Now that I have the opportunity to replace the NAS, I was looking to find a system which did not present these problems and in doing so, I found that the cause of the problem was attributed to third party devices’ non-compliance to the criteria set out in the document I linked to and again below:

I won’t pretend I understand much of what it says but my theory is that NASs which aren’t compliant are not allowing Time Machine to delete old backups; hence it runs smoothly until the sparsebundle is full and then runs into difficulties which require a new backup to be started.

Having searched the WD community forums, I have found that this issue has been experienced by quite a few My Cloud users with one lengthy thread in particular. I really want to avoid this problem and was seeking information which would assure me that WD My Cloud products were Time Machine compliant or, if not, are WD aware of the problem and intend to make the products fully Time Machine compliant?

Thanks.

We have several, even hardcore Mac users in our teams and nobody yet has claimed what you described in the second quote.

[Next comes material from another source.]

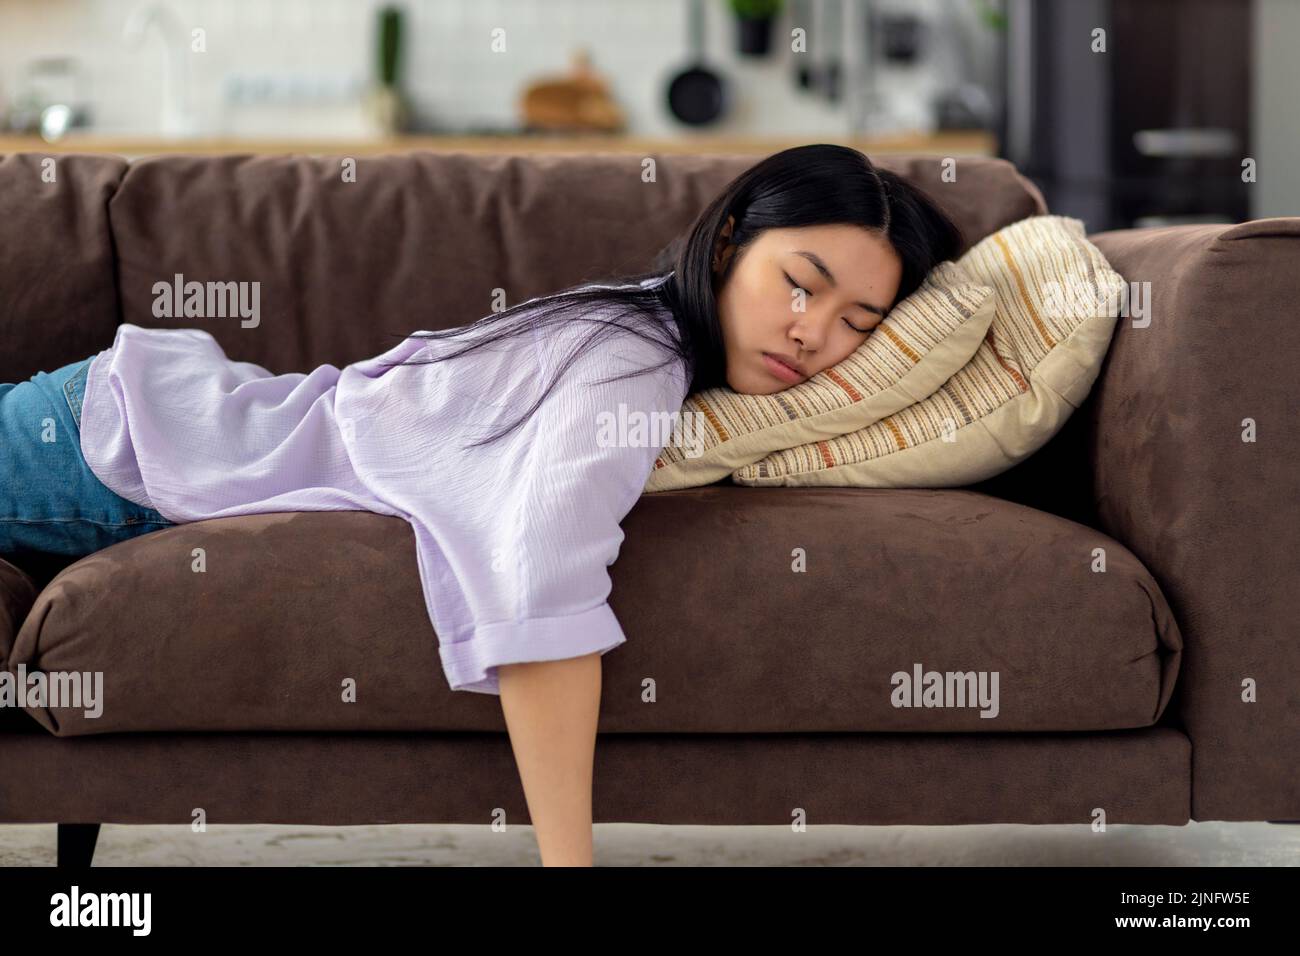 La mujer joven caucásica cansada se duerme en el sofá después de un duro día de trabajo concepto de fatiga Foto de stock

If the sparsebundle capacity is adjusted to a given amount, then our Mac (we are using for demos) is satring do delete the oldest backups to get space for the latest ones. My two cents…

Hello Joerg_A,

I think I admitted in my last message that it was an uninformed theory. Perhaps there is another explanation why the backups fail regularly after several weeks or months but it is still an issue experienced by many NAS users including WD My Cloud users. Having experienced it myself to the point of exasperation and that I am looking to replace my NAS with one which doesn’t do this. I am merely making enquiries before making a purchase but I am not reading anything which is very reassuring.

And whilst I accept that a bench Mac doesn’t have these problems, possibly because they do not have real world volumes of data change, this thread, with 109 posts shows that it affects WD customers:

Whilst it might be argued that the last post on that lengthy thread was a year ago, the most recent thread on this subject was in July this year:

There appears to be a ‘fix’ but everyday users ought not be expected to delve into using Terminal and SSH.

Incidentally, I felt I ought to add that since this problem started to get repetitive, I have kept a secondary USB Time Machine backup as a safety net. It has been going for about two years without this problem arising once.